WITHOUT ROWIDtables use the primary key as the B-Tree - key directly — rows are ordered by PK, like InnoDB’s clustered index, but without the PK update cascade problem (since there is no separate rowid to maintain in secondary indexes).
Values too large for a page are split across overflow pages — a linked list of pages storing the excess. Deleted pages go on a freelist for reuse.
(For B-Tree mechanics, see B-Tree)
Indexing Model
flowchart TD
subgraph "database.sqlite (single file)"
H["Page 1: Header<br/>(100 bytes)"]
T["Table B-Tree<br/>keyed by rowid<br/>leaves = row data"]
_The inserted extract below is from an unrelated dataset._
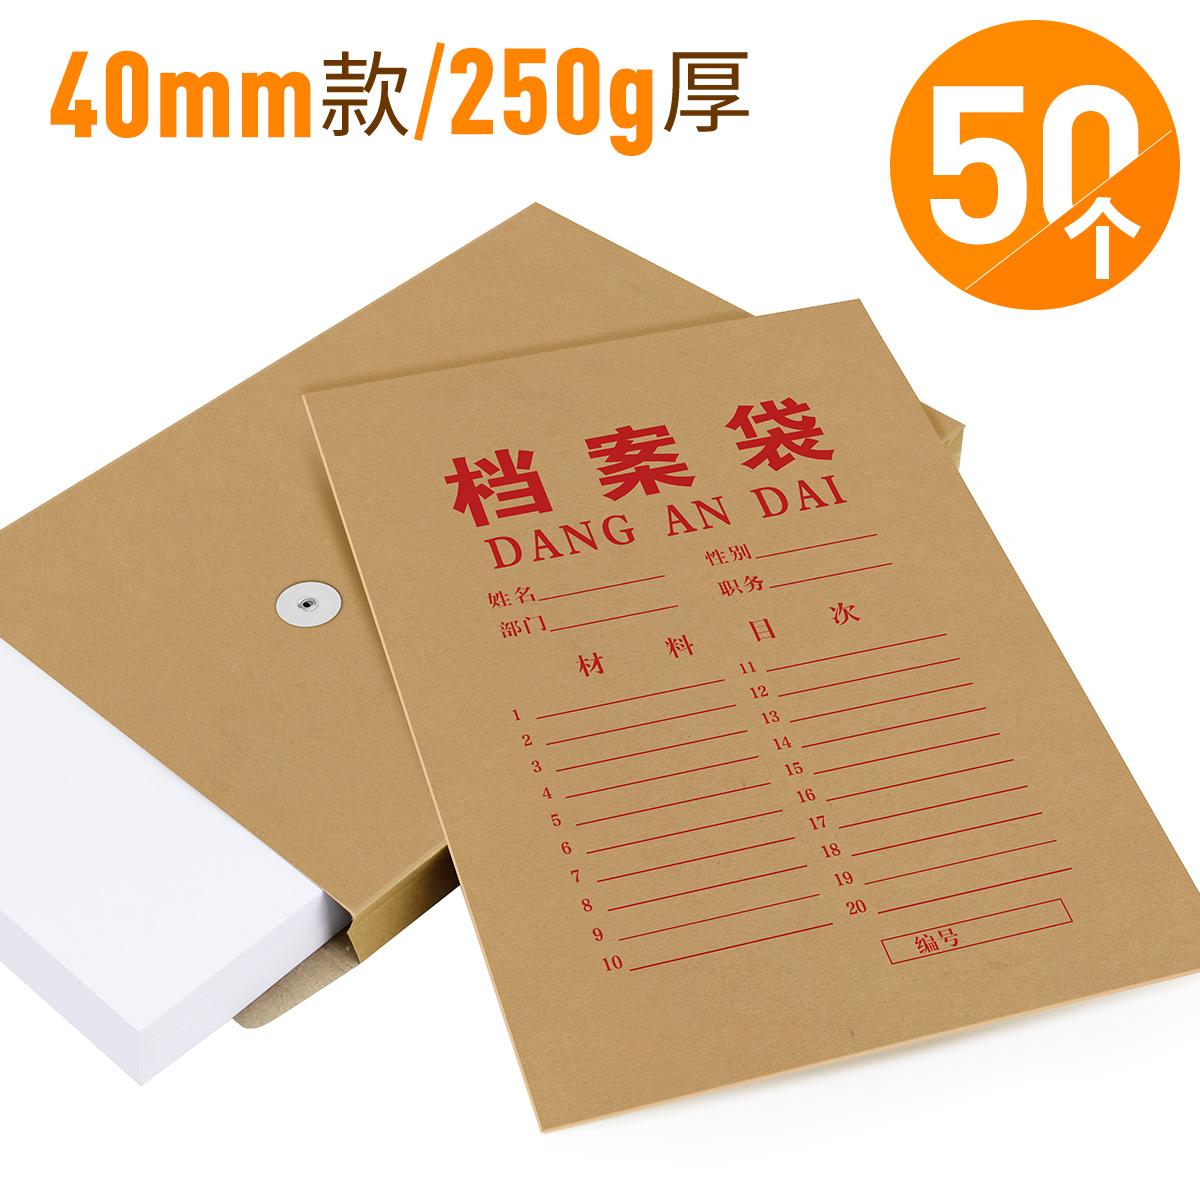 50 месяцы a4 крафт файлы дело мешок 250g сгущаться файл данные литье знак книга близко одинаковый офис статьи оптовая торговля 4cm

I["Index B-Tree (email)<br/>keyed by email + rowid<br/>leaves = (key, rowid)"]
end
Q["SELECT * FROM users<br/>WHERE email = 'a@x.com'"] --> I
I -->|"(a@x.com, rowid=42)"| T
T -->|"find rowid 42"| R["Row Data"]
style Q fill:#f0f0f0,stroke:#666
style H fill:#fce4ec,stroke:#c62828
style T fill:#e3f2fd,stroke:#1565c0
style I fill:#e8f5e9,stroke:#2e7d32
Indexes are separate B-Trees stored in the same database file. Each index leaf stores (key, rowid).
A secondary lookup follows: index → rowid → table B-Tree. No clustered indexes (except WITHOUT ROWID —
which is the table itself, not a separate index).
SQLite supports partial indexes (WHERE clause), expression indexes (LOWER(col)),
and automatic indexes — transient indexes built during a query for an unindexed join, discarded afterward.
Schema is stored in the sqlite_schema table (always at root page 1), read once at database open.